Awan hitam berarak, angin mulai berhembus kencang, beberapa kali
cahaya kilat serasa membelah bumi. Suara gelegarnya terdengar seperti hendak
meluluhlantakkan bumi. Aku sungguh benci suasana seperti ini, apalagi di tempat pedalaman seperti ini. Hujan mulai jatuh, bulir-bulirnya serasa hendak merobek terpal
jeep kuno yang kutumpangi.
“Apa tidak bahaya kalau kita melanjutkan perjalanan saat
ini?” Wajahku mulai pucat pasi.
“Kita tidak punya pilihan dokter, hari semakin gelap, apabila
berhenti saya khawatir akan lebih sulit mencari jalan pulang.”

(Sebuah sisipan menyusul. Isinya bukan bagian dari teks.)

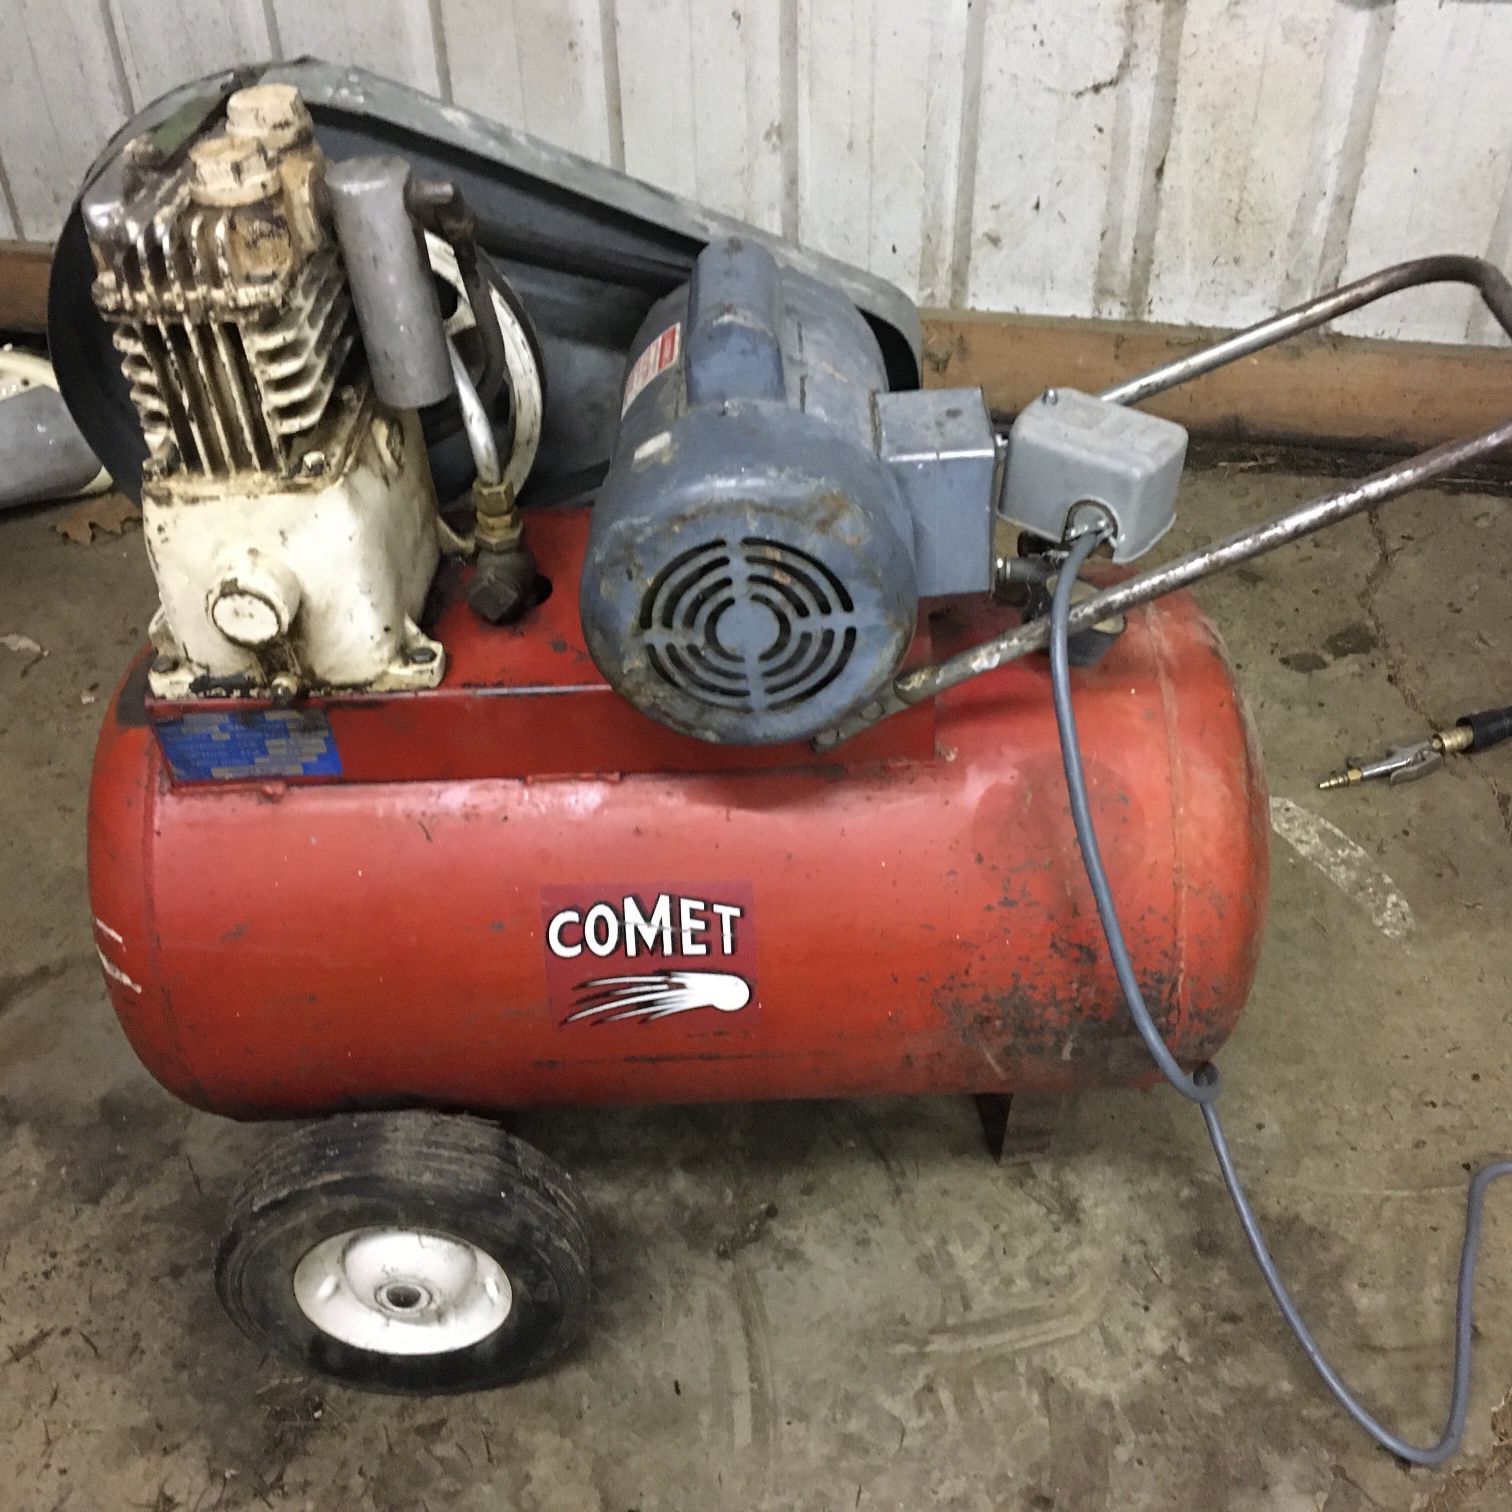 Comet 1 HP Air Compressor. 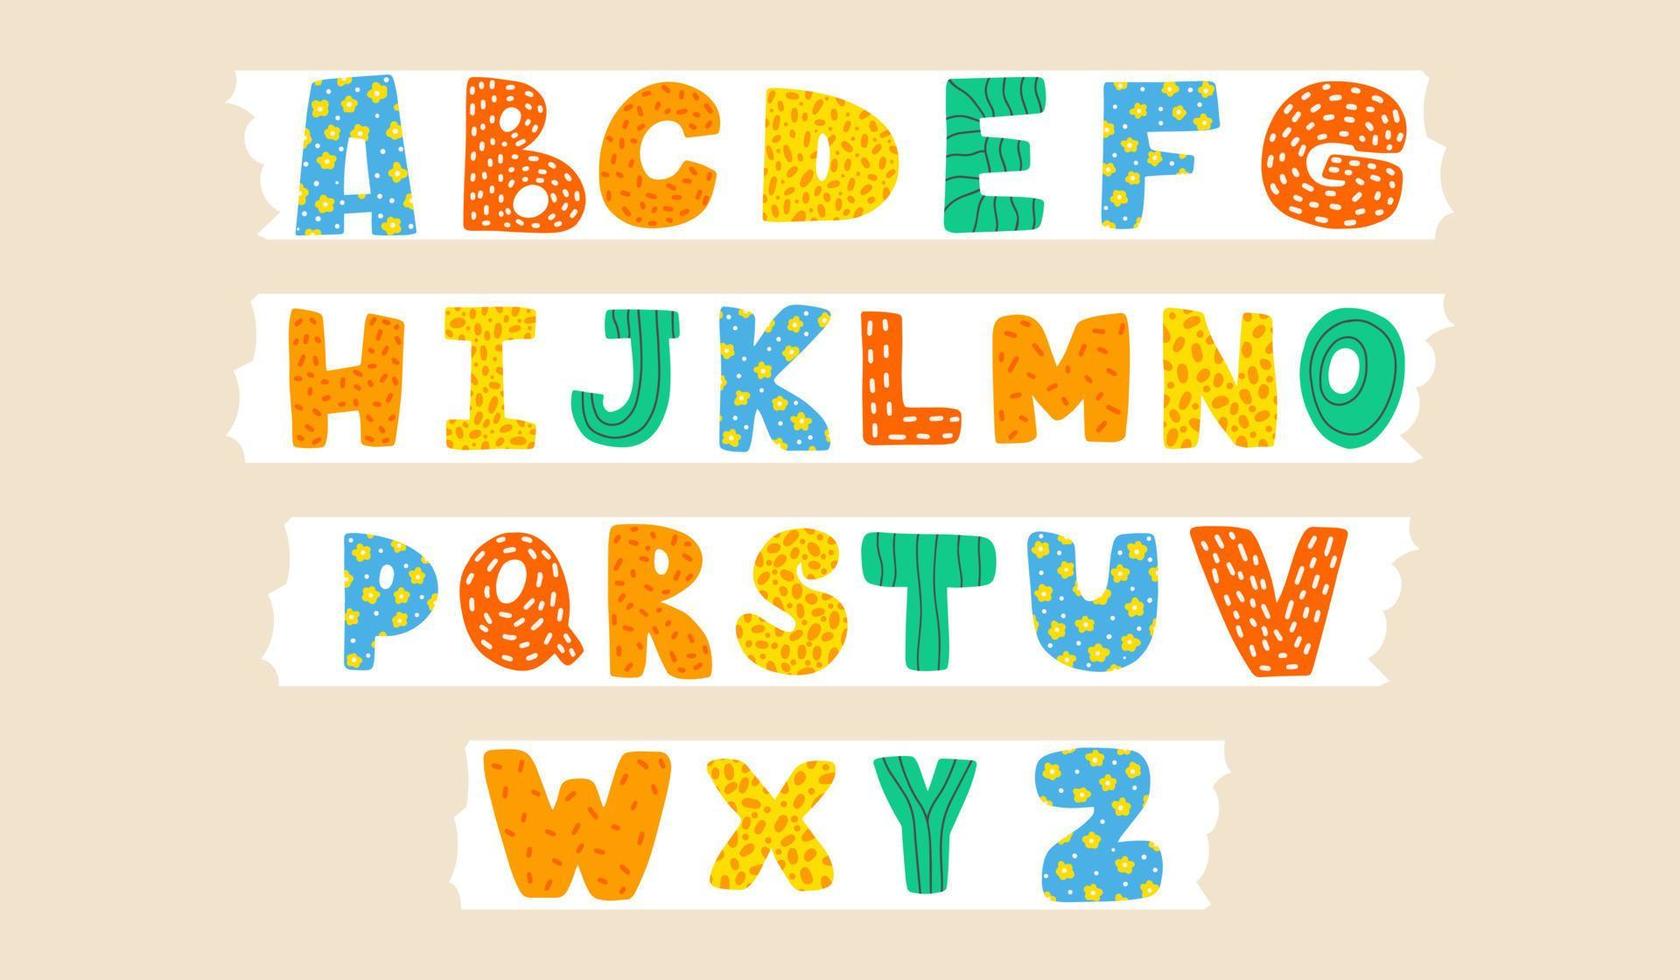 söt barnslig latin font eller Häftigt engelsk alfabet dekorerad med prickar och klottrar. hand dragen vektor illustration.

Tanganku mulai dingin, jantungku berdegup kencang. “Tapi hujan semakin lebat, saya
rasa akan sulit melihat ke depan sana.”
Tiba-tiba mobil berhenti mendadak .“Tunggu sebentar,
rasanya ada pohon roboh di depan sana. Dokter tinggal di sini saja, jangan
keluar.” Tanpa ragu dia membuka pintu dan berlari menembus lebatnya hujan.
"Sungguh pemberani dan gagah," gumamku pelan.
“Kita harus ambil jalan memutar, saya tidak mampu mengangkatnya.” Dia muncul sesaat kemudian, sekujur badannya
basah kuyup.
Kulepas jaketku dan kuangsurkan kepadanya. Dia menolaknya
“Terima kasih dokter, saya tidak apa-apa.”